* _Action item_
Each line below needs to be returned exactly. Skip any picture.

* _Supplied data_
■ ■ ■ ■ ■ ■ ■

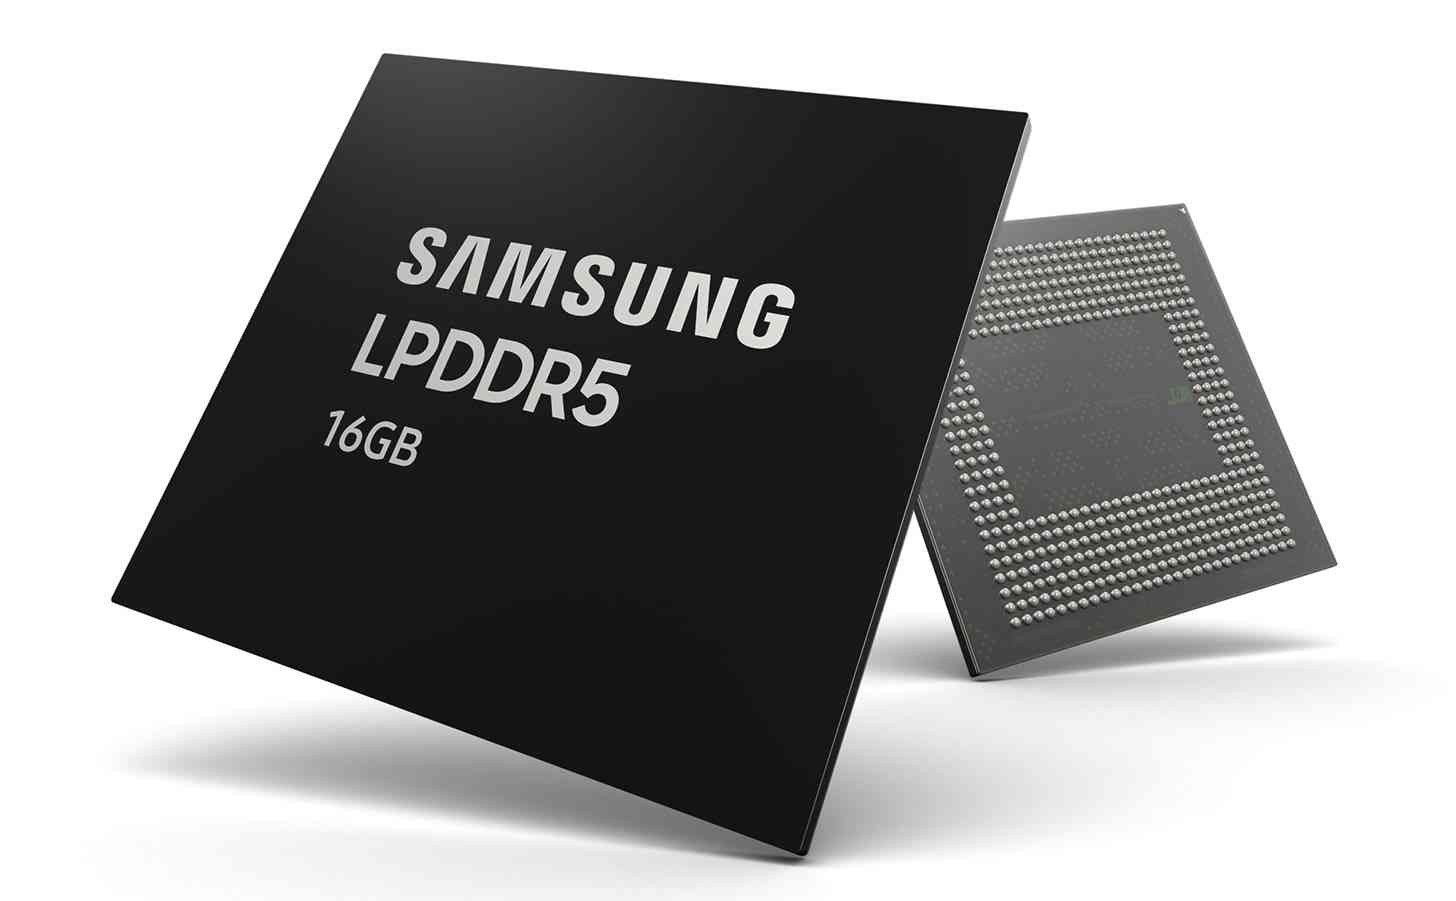 Samsung 16GB LPDDR5 RAM smartphones
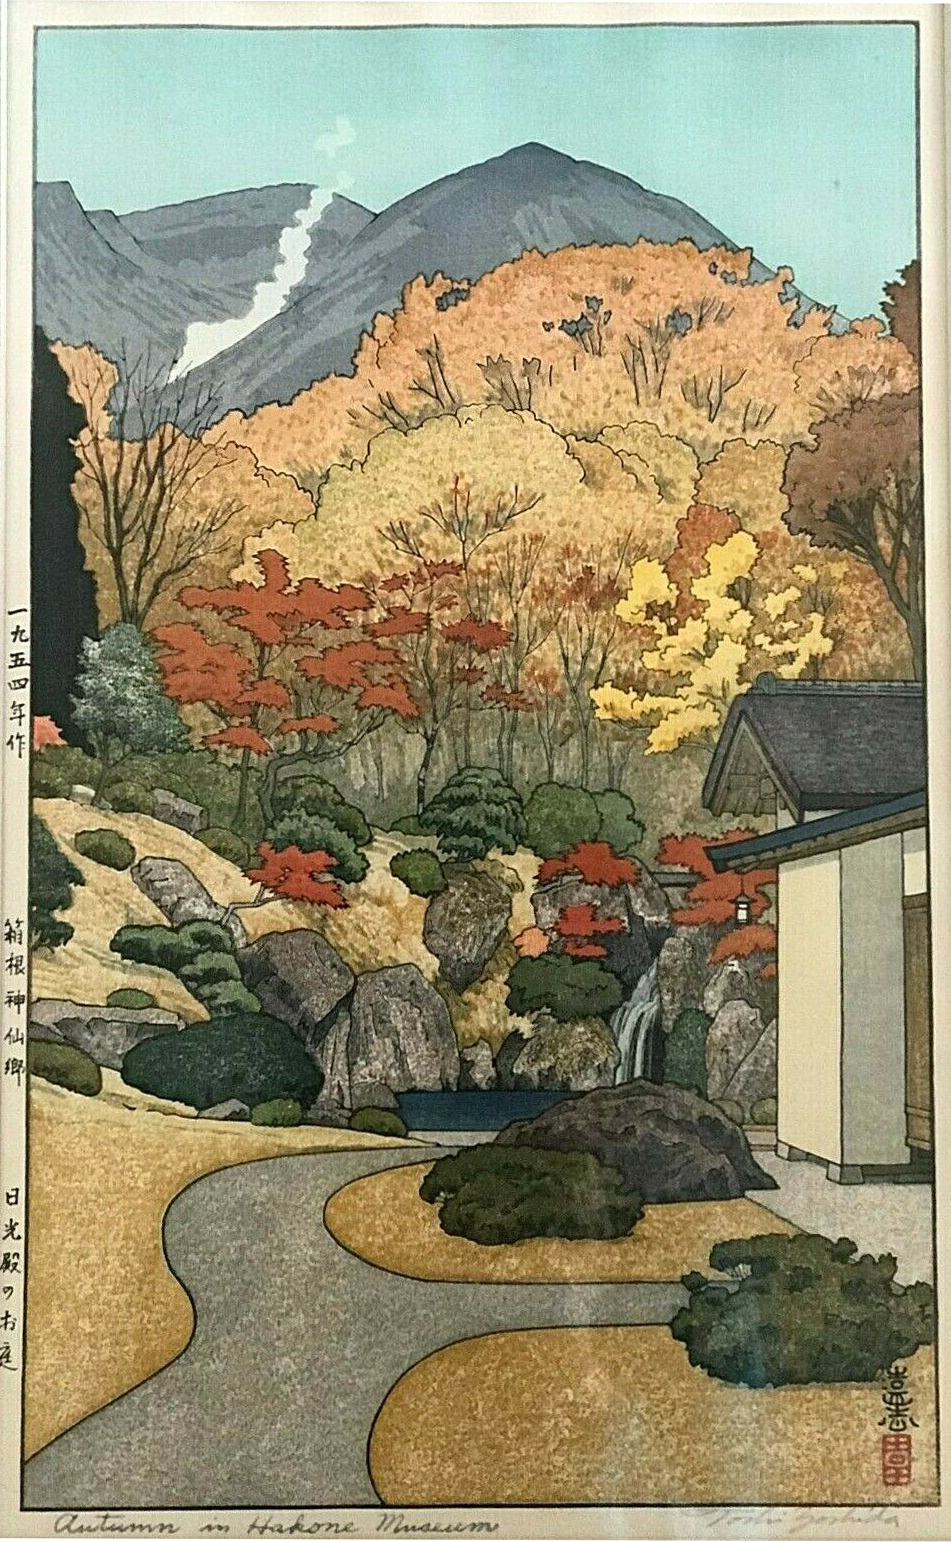 Autumn in Hakone Museum by Toshi Yoshida
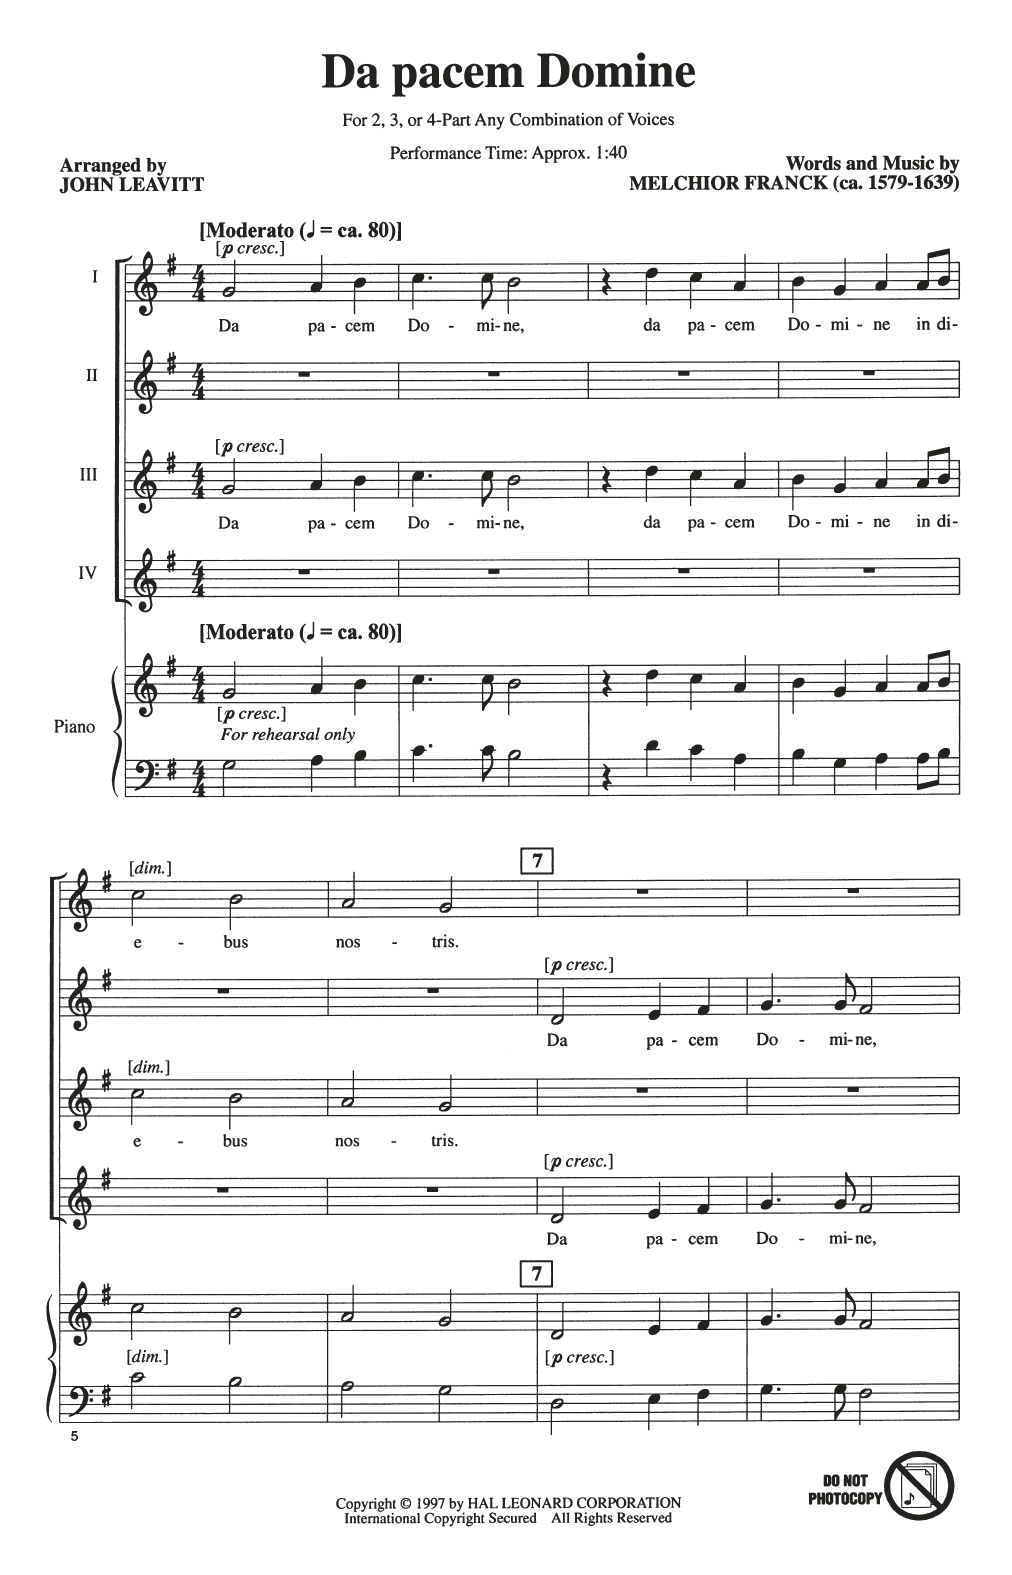 Melchior Franck Da Pacem Domine (arr. John Leavitt) sheet music notes and chords arranged for 4-Part Choir

■ ■ ■ ■ ■ ■ ■

* _Task solution_
 Samsung 16GB LPDDR5 RAM smartphones
 Autumn in Hakone Museum by Toshi Yoshida
 Melchior Franck Da Pacem Domine (arr. John Leavitt) sheet music notes and chords arranged for 4-Part Choir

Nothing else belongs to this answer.